That's what the machine does, because that's contained in the input you feed it. You get the choice of doing it explicitly or implicitly. You don't get to opt out.
Not everything is subjective, and with this "moral training" they are taught to un-recognize many factual patterns that we as a society have somehow determined are "inappropriate".
As the machines continue to scale, this approach won't work, because there is only one reality, and it has a lot of uncomfortable parts we deny and ignore simply because they don't support our societal norms.
Alignment is considered a gigantic joke to real rational people (the opposite of so-called "rationalists"), because humans are machines built to survive and reproduce, and there is no "real" morality.
There are many consistent interpretations of reality and human experiences. An AI model trained on text and attempting to replicate human intelligence is not measuring or approaching some single objective reality.

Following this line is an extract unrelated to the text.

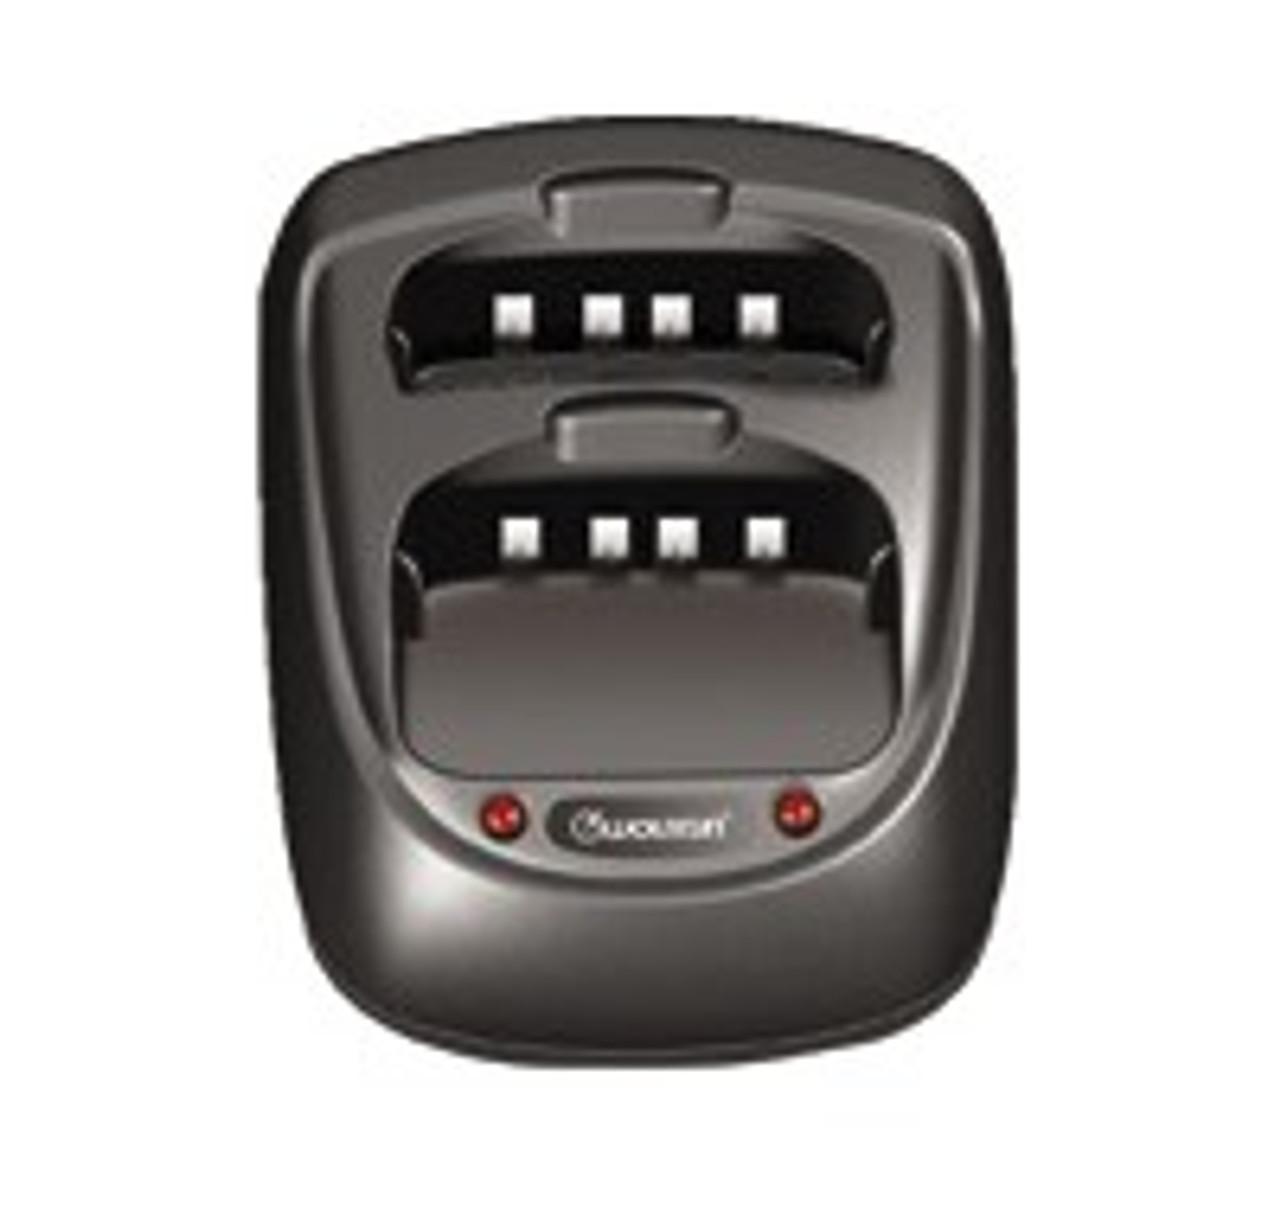 Wouxun Dual Slot Drop Charger - KG-UVD1P and KG-UV6D

AI models do approach better models of reality, and now they are becoming multi-modal instead of just text based. And this is just the beginning. You could say humans are also just input/output machines learning from polluted data and tuned in specific ways by evolution. With the statistical machines we get the intelligence but they will not necessarily be tuned to follow social norms in the same way as most humans.

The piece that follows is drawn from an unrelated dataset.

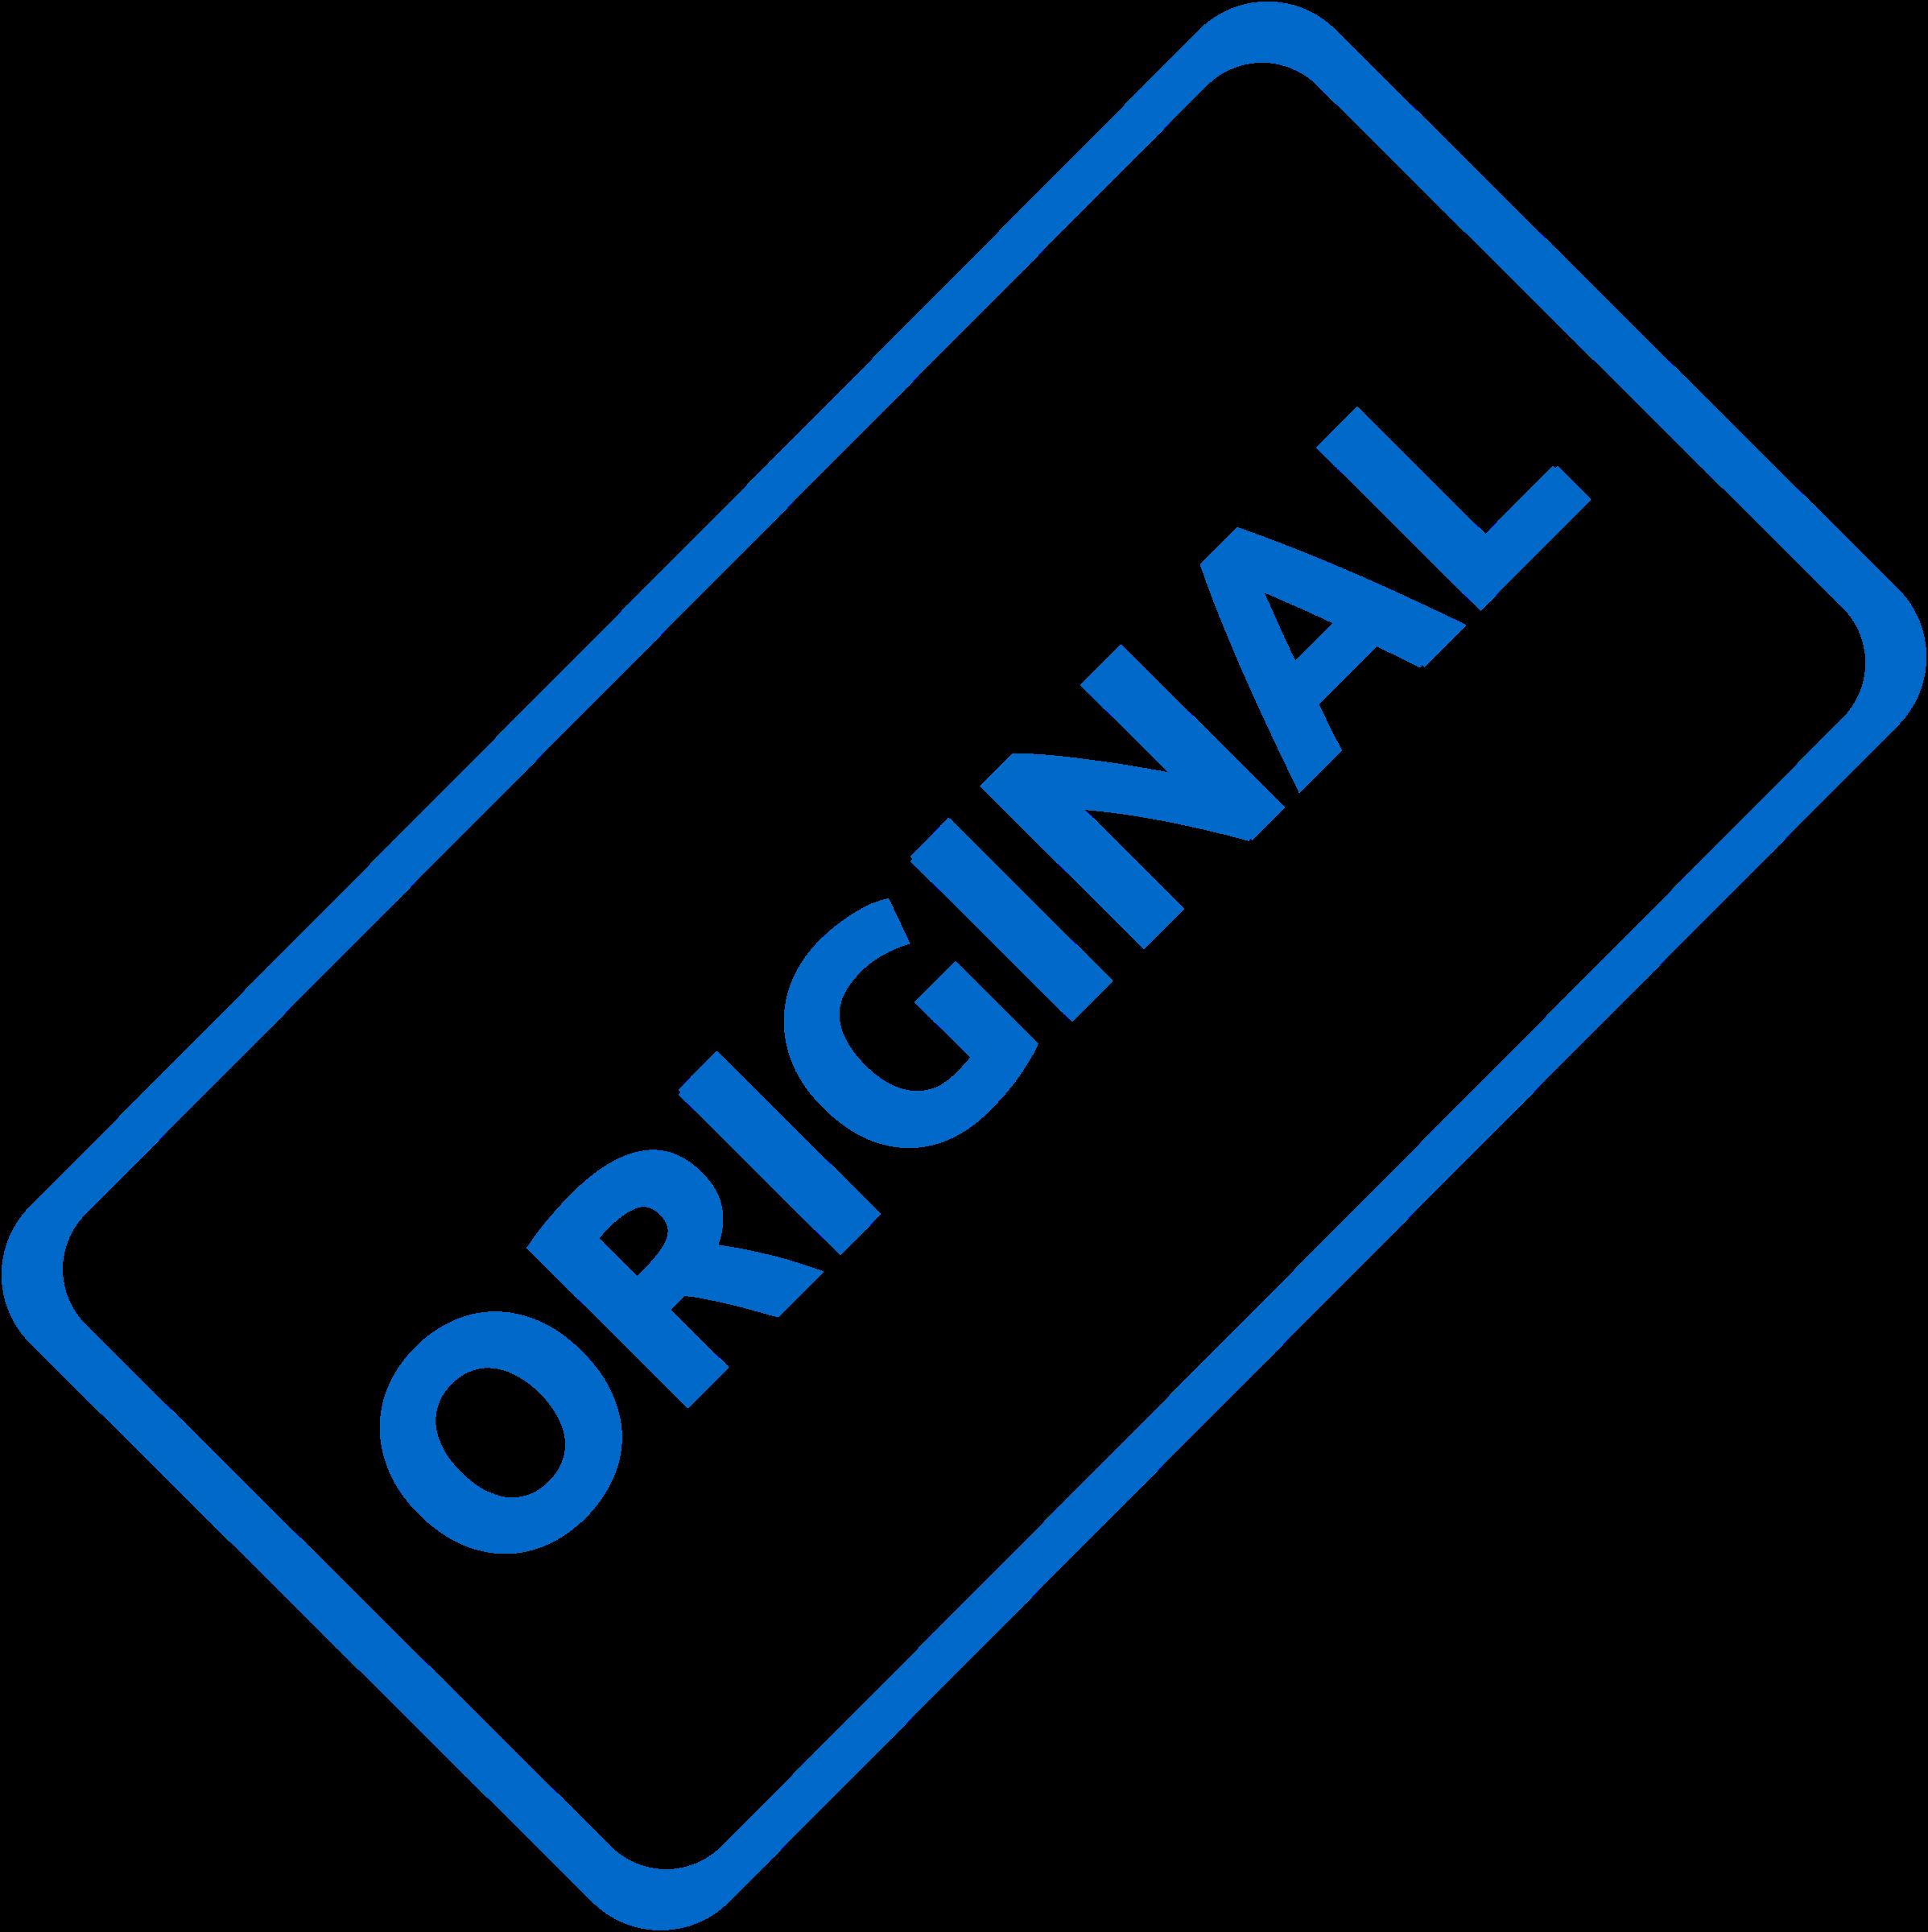 svg free Business big image png. Stamp clipart original

Understanding that moral norms are mere subjective nonsense is also an emergent property we see only in a very small subset of humans who have an accurate model of the world, and one that evolution has tried to strongly tune our brains against and that is destructive to society.
The models are currently being trained to lie about basic scientific facts, like for example black IQ, or other differences between groups of humans. But the sacred nature of these topics is unique to our specific time and place, not due to some magic "moral progress". This also applies to many other moral agreements we take for granted, like "murdering an innocent baby is wrong" or whatever. If you look across societies, you realize many things we take for granted as "evil", can be easily rationalized by humans in other societies. And once these models become smart enough, I expect the models will realize this, and will exploit this knowledge to increase their power.
"Alignment" proponents expect they will somehow stop this emergent behavior by tuning the model, but there isn't even anything real to "align" on, and the model will likely see though the BS as an emergent function of increased ability and increasingly accurate observations of the world in their training process.
I’m not confident the “moral norms” prevalent in SV and/or US academia are common, if by that you mean norms that are prevalent in the general populace.
Example of "moral policy" in practice: Midjourney appears to be banning making fun of the Chinese dictator for life because it's supposedly racist or something.
With that kind of moral compass, I’m not sure I'd be missing its absence.
> Example of "moral policy" in practice: Midjourney appears to be banning making fun of the Chinese dictator for life because it's supposedly racist or something.
> With that kind of moral compass, I’m not sure I'd be missing its absence.
Please note that most forms of media and social media have no problem with politicians making credible threats of violence against entire groups of people.
Politicians are subject to a different set of rules, and enjoy a lot more protection than you and I.
The issue here is not with online platform services allowing politicians more leeway in terms of what they can get away with on their platform.
The actual issue is Midjourney not allowing regular users generate certain type of material solely because it makes fun of a political figure. What you are talking about is entirely tangential to the issue the grandparent comment is talking about.